Vector Search Workflow

Let’s See a Real Example

Time to get hands-on. Here’s how you’d create a table to store image vectors in Manticore Search:

create table cool_images (
    id int,
    title text,
    image_vector float_vector knn_type='hnsw' knn_dims='4' hnsw_similarity='l2'
);

Now let’s add some data:

insert into cool_images values 
    (1, 'yellow bag', (0.653448,0.192478,0.017971,0.339821)),
    (2, 'white bag', (-0.148894,0.748278,0.091892,-0.095406));

(Of course, your real vectors will probably have hundreds of dimensions — we’re keeping it small here for clarity.)

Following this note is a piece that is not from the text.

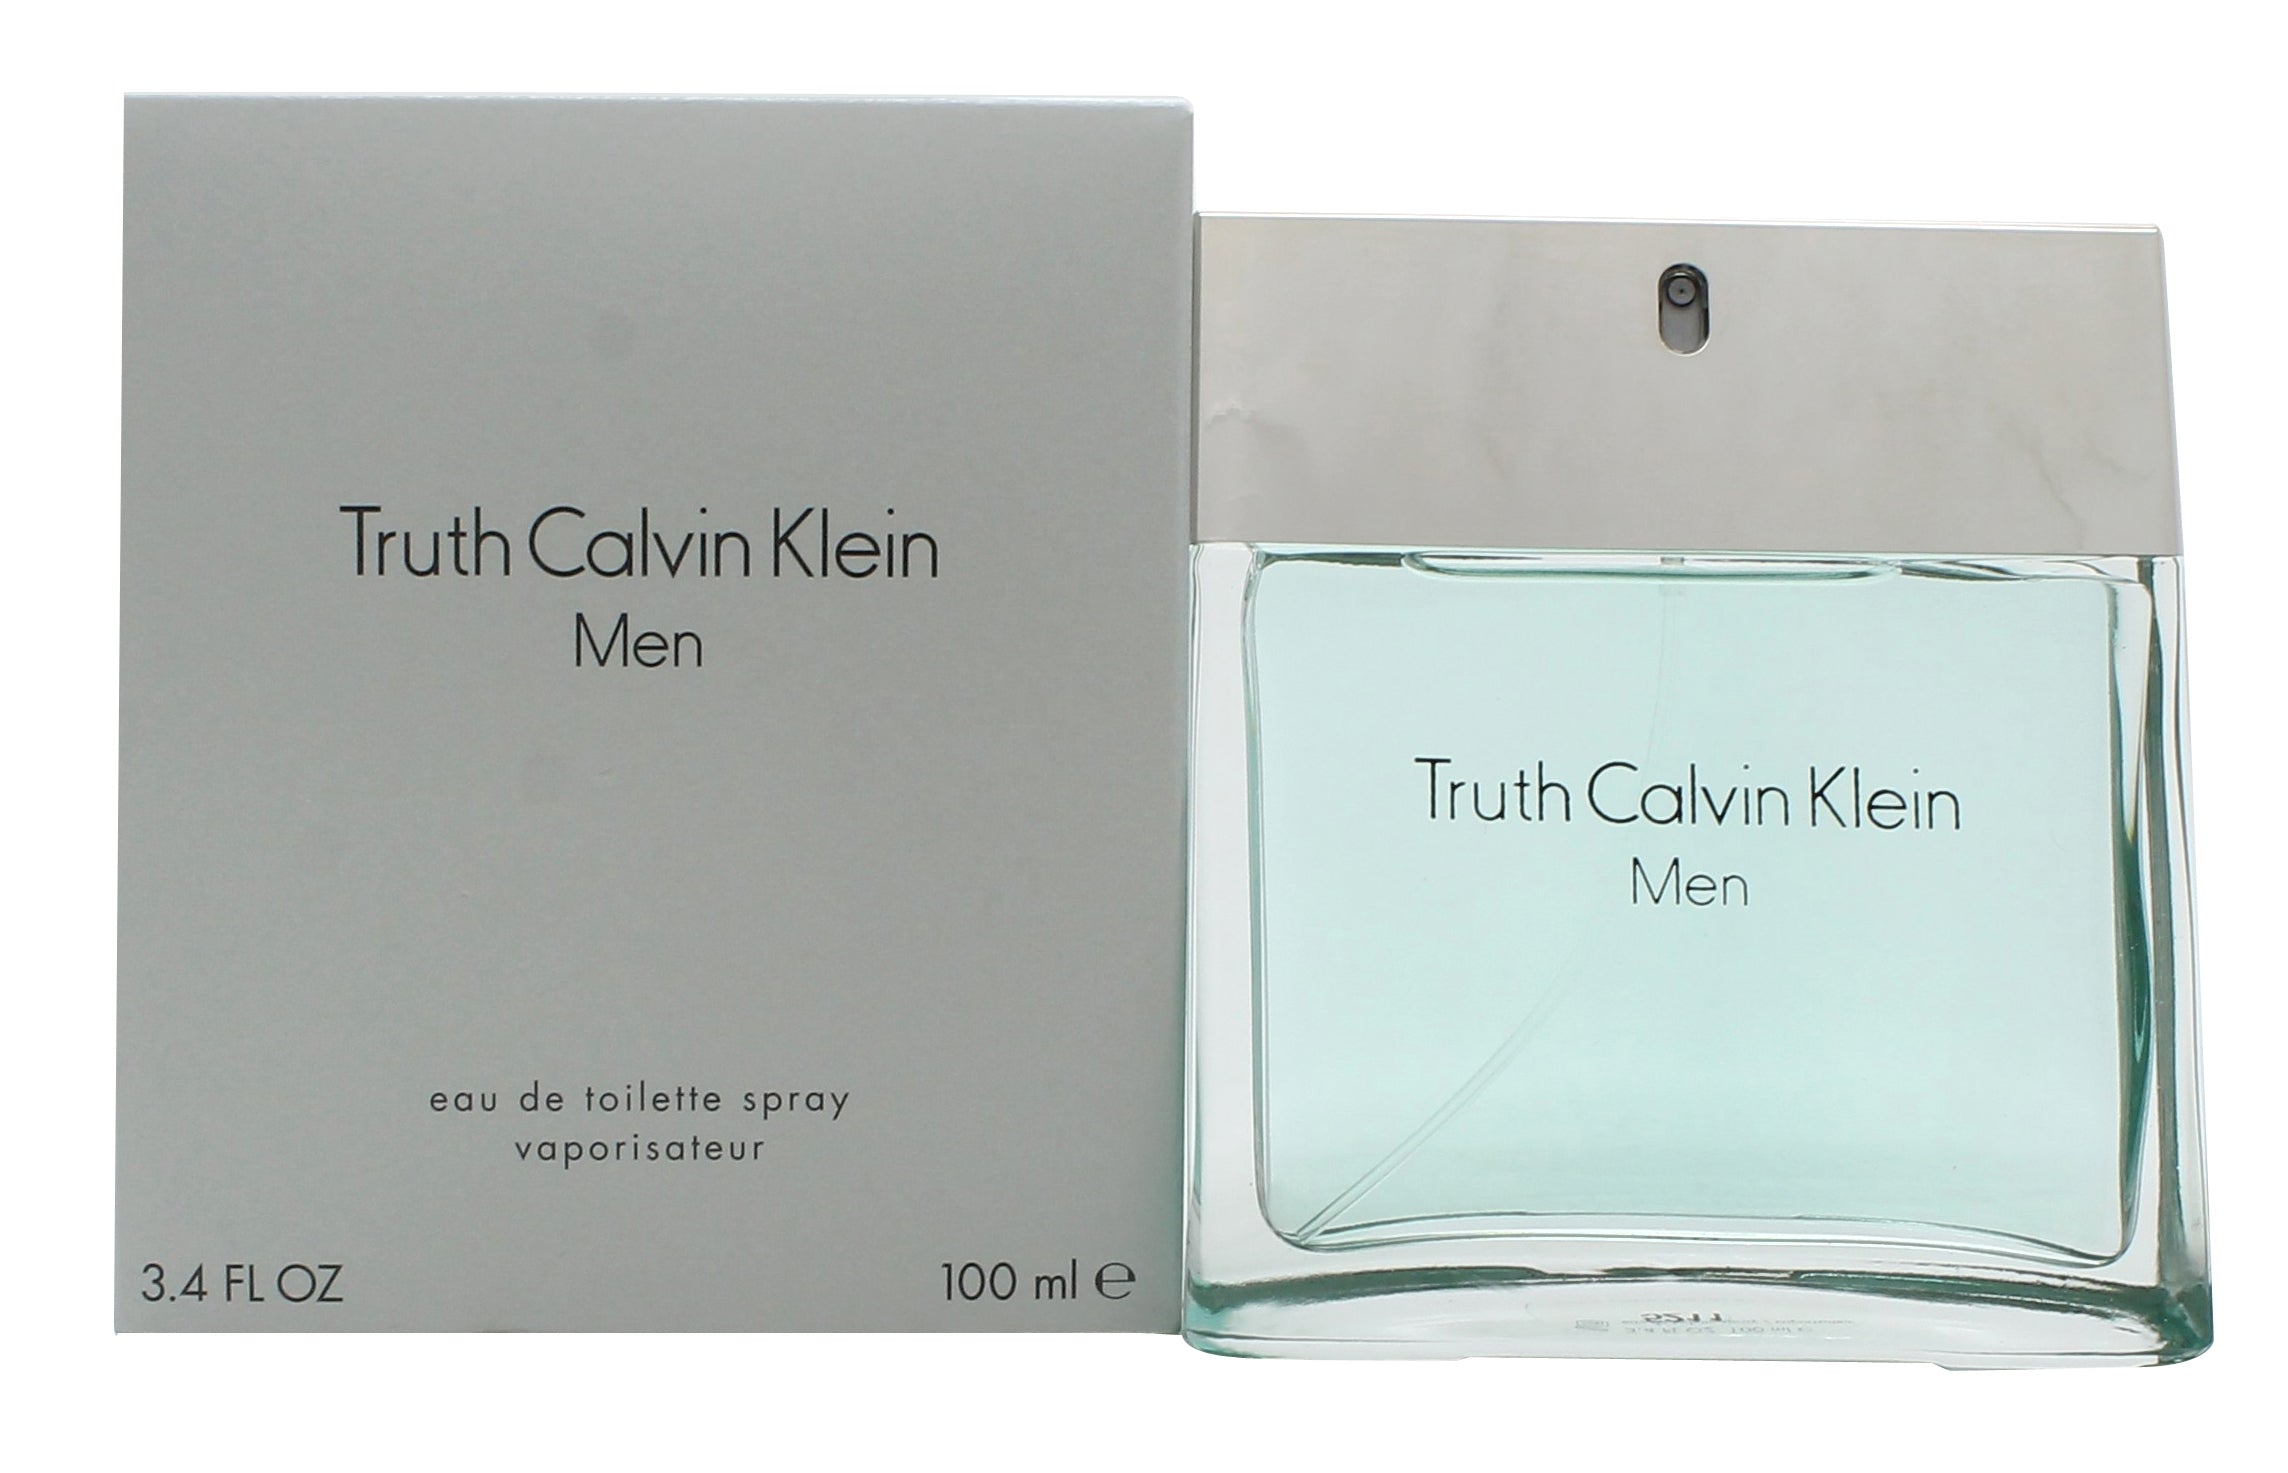 View Calvin Klein Truth Eau de Toilette 100ml Spray information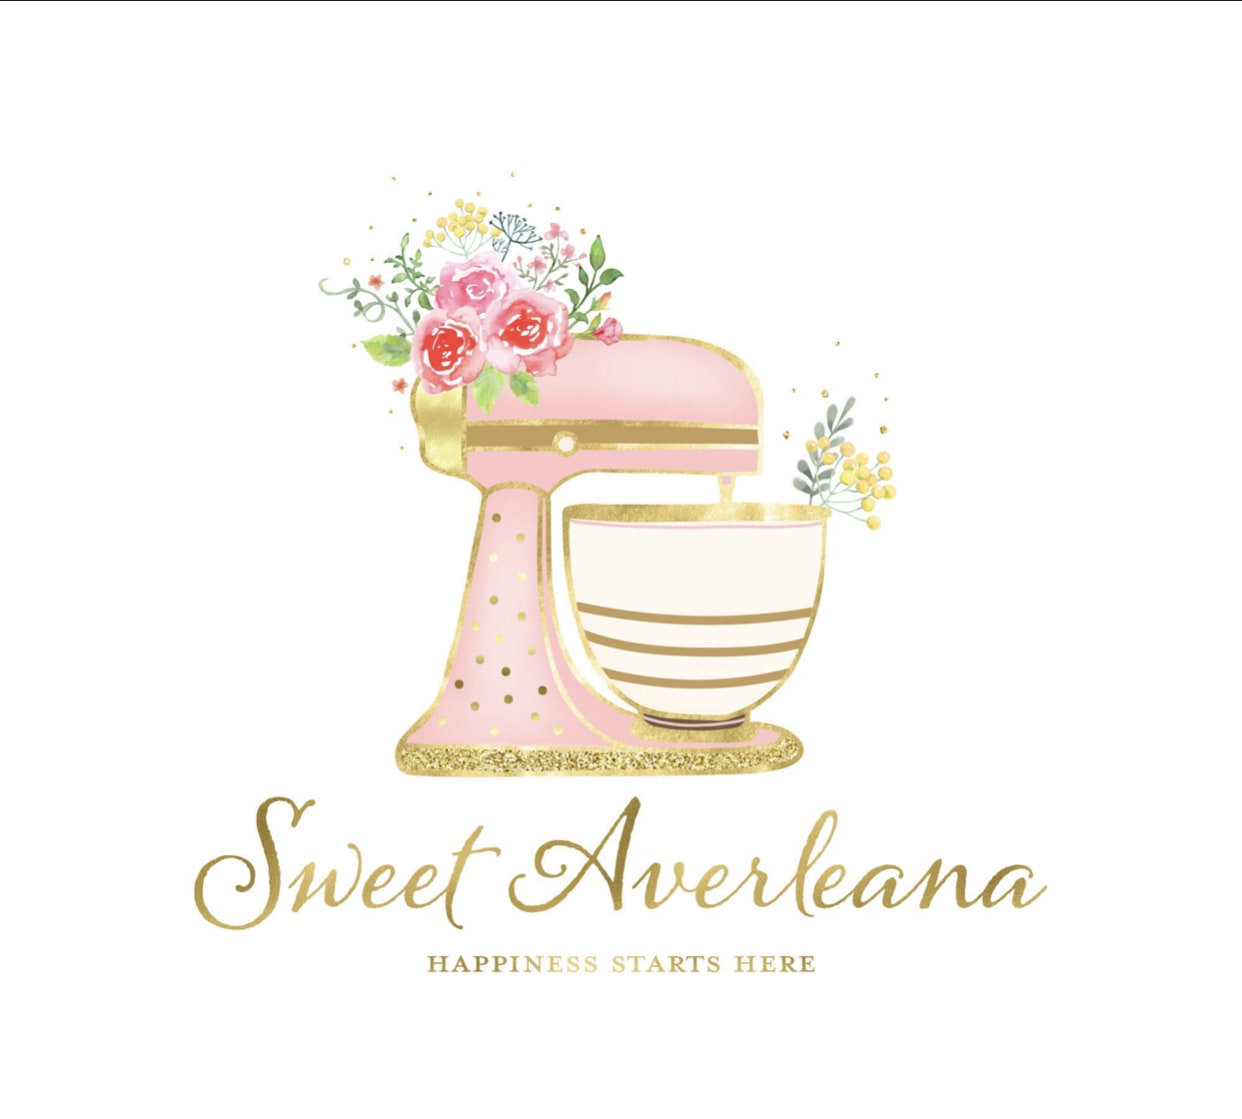 Sweet Averleana

Transaction Support for Vector Operations

Vector operations in Manticore are fully transactional, which means you can perform multiple operations in a row and make sure they either all succeed or none do. That’s super useful when you’re updating both vector and non-vector fields and need to keep everything in sync.

Transaction Basics

• Transactions are supported for real-time tables with vector attributes
• Each transaction is atomic - either all operations succeed or none do
• Transactions are integrated with binary logging for durability and consistency
• By default, each command is its own mini-transaction (autocommit = 1)

What You Can Do in a Transaction

You can include the following operations in a transaction:

• INSERT: Add new vectors
• REPLACE: Update existing vectors
• DELETE: Remove vectors

Vector fields don’t support the UPDATE command. You can learn more about the difference between REPLACE and UPDATE here .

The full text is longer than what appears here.